[Opening Given information section]

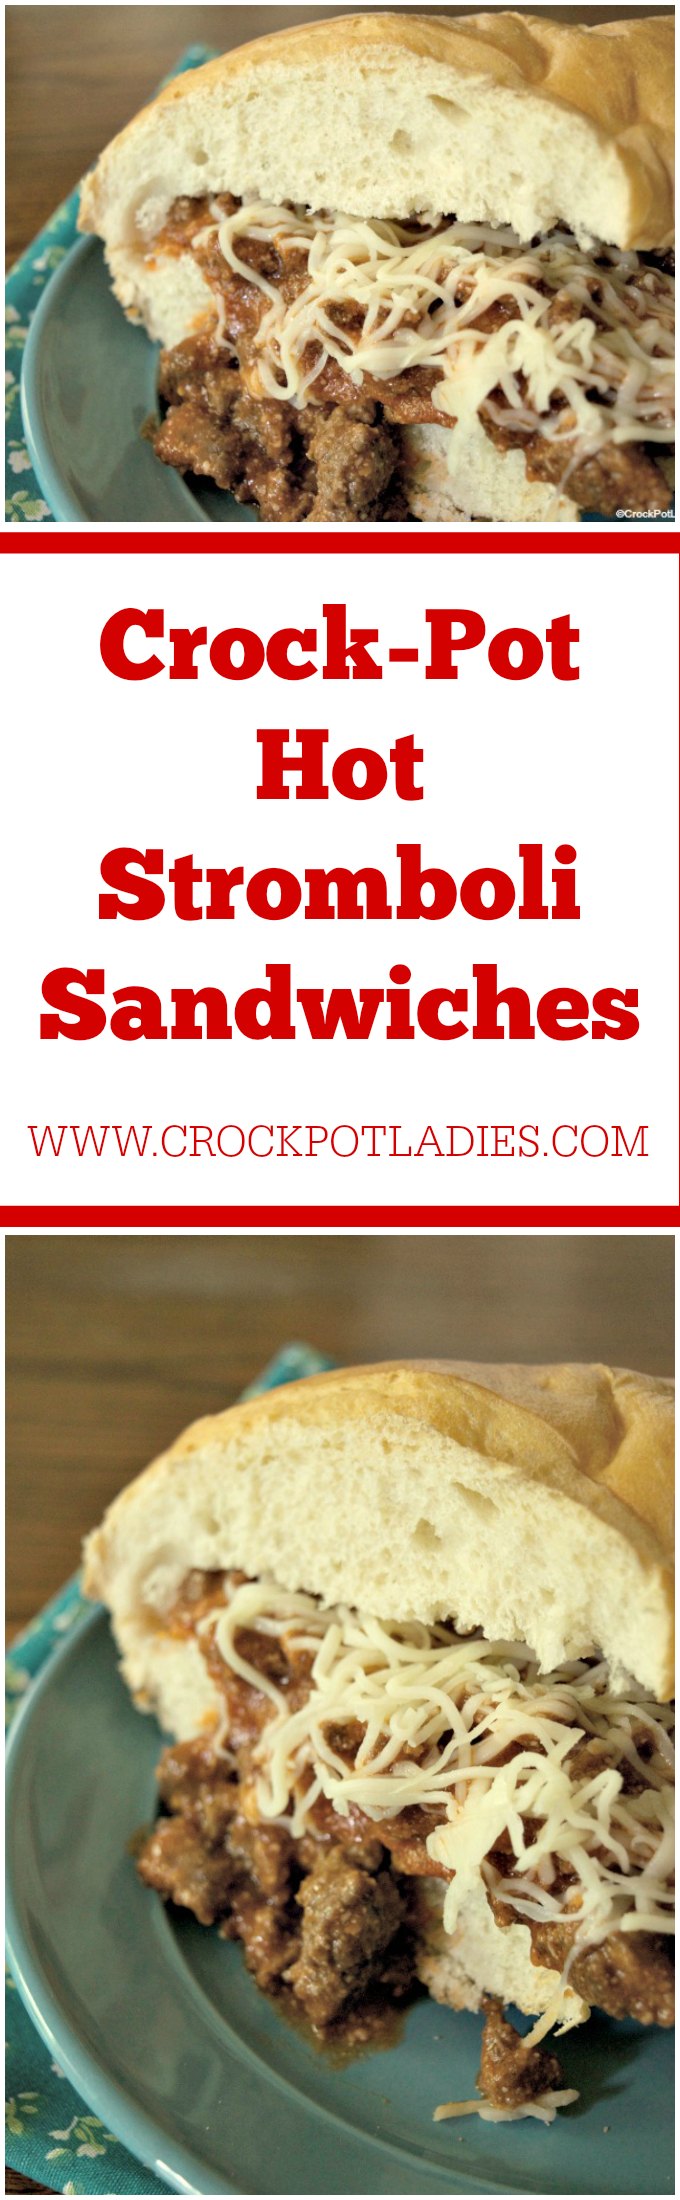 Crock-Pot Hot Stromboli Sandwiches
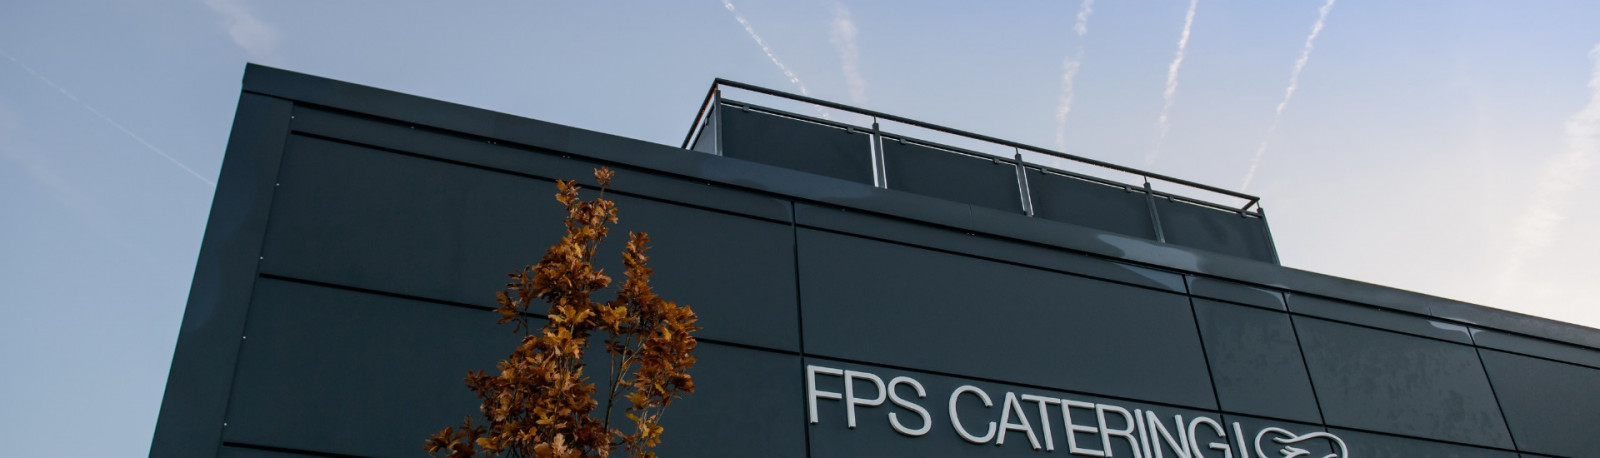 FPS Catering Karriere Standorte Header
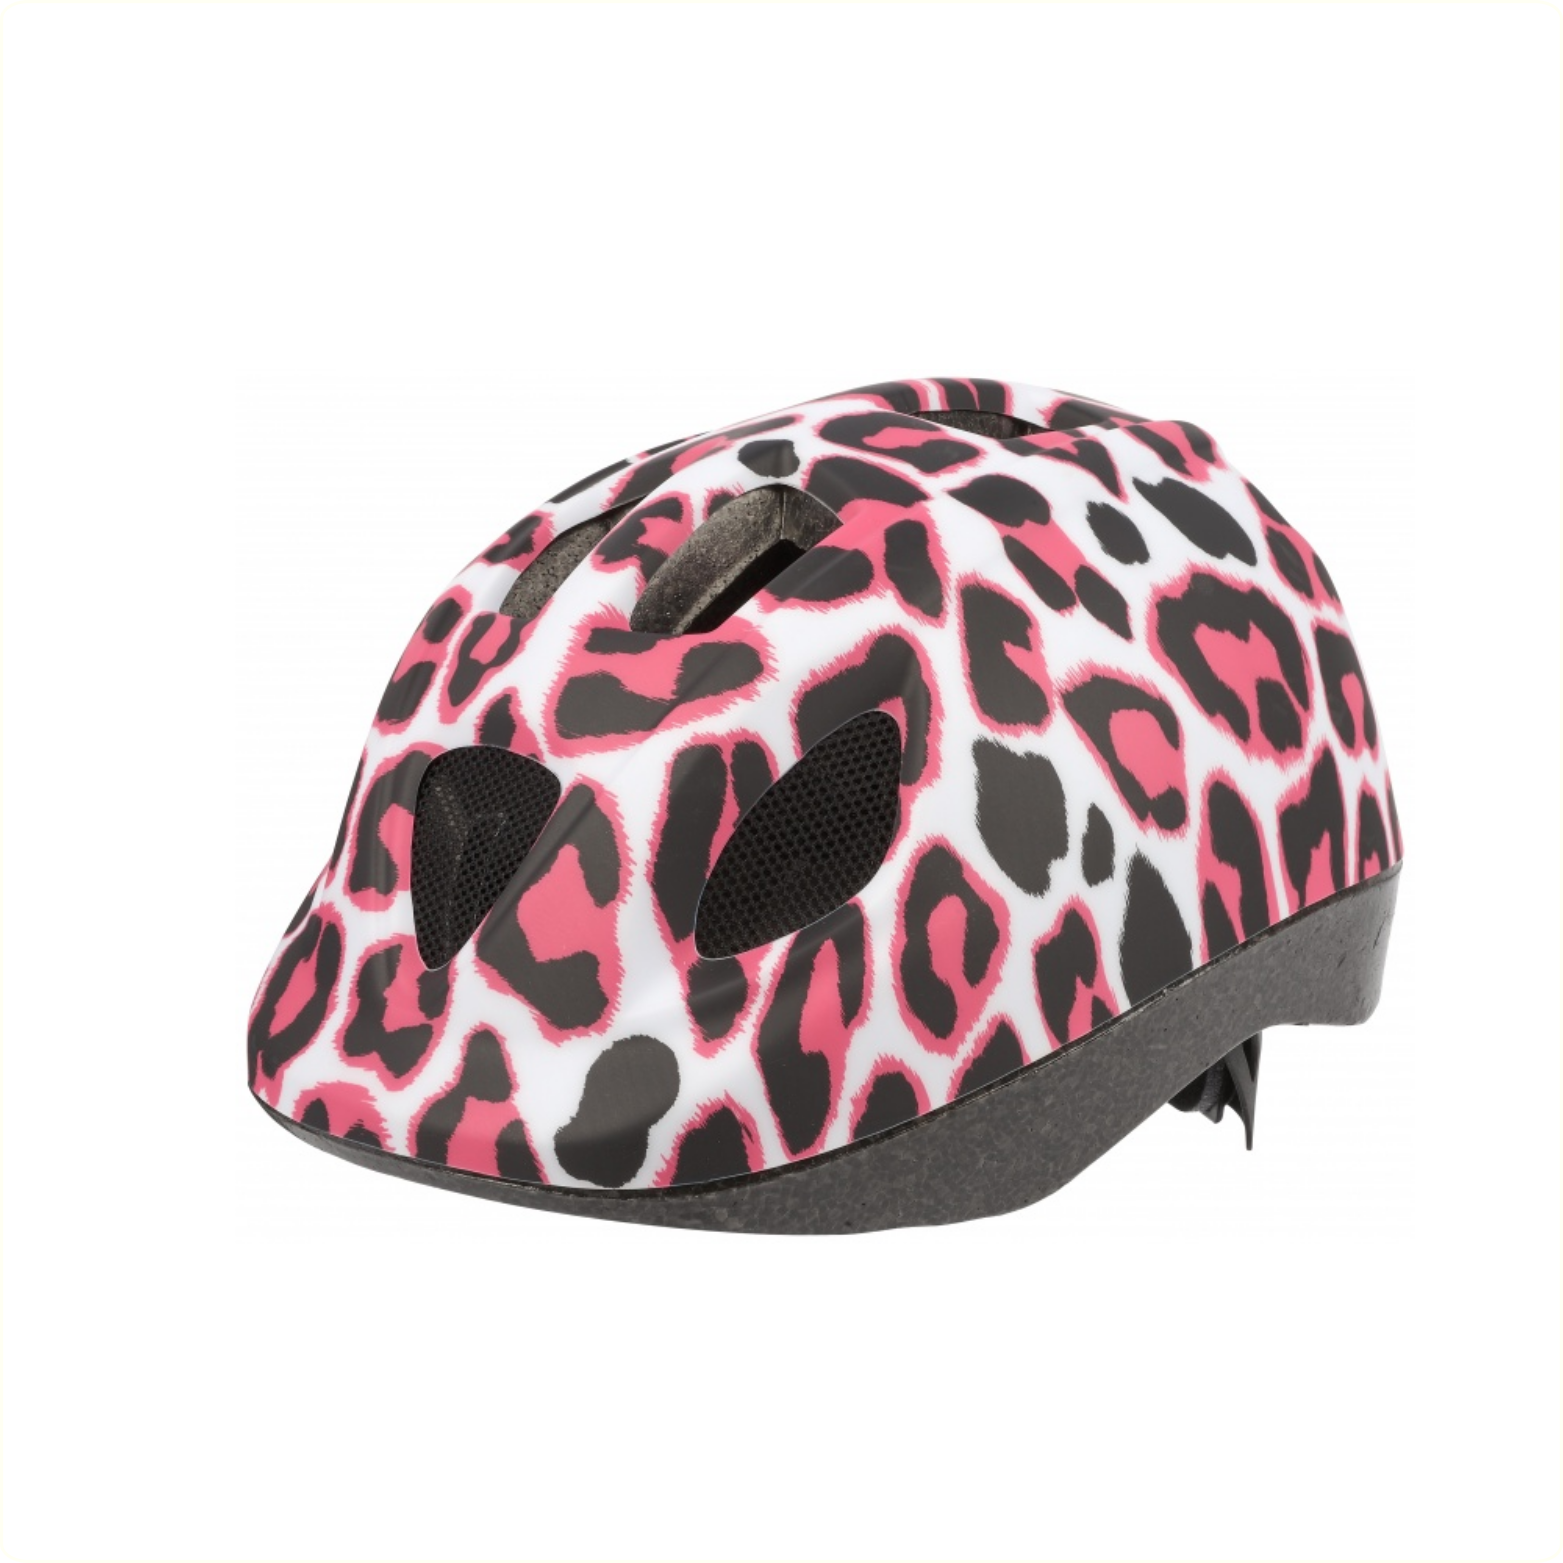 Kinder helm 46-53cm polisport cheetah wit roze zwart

[Closing Given information section]

Task: Write the material above out again exactly as it reads, but don't carry over the pictures.

Solution for this problem:
 Crock-Pot Hot Stromboli Sandwiches
 FPS Catering Karriere Standorte Header
 Kinder helm 46-53cm polisport cheetah wit roze zwart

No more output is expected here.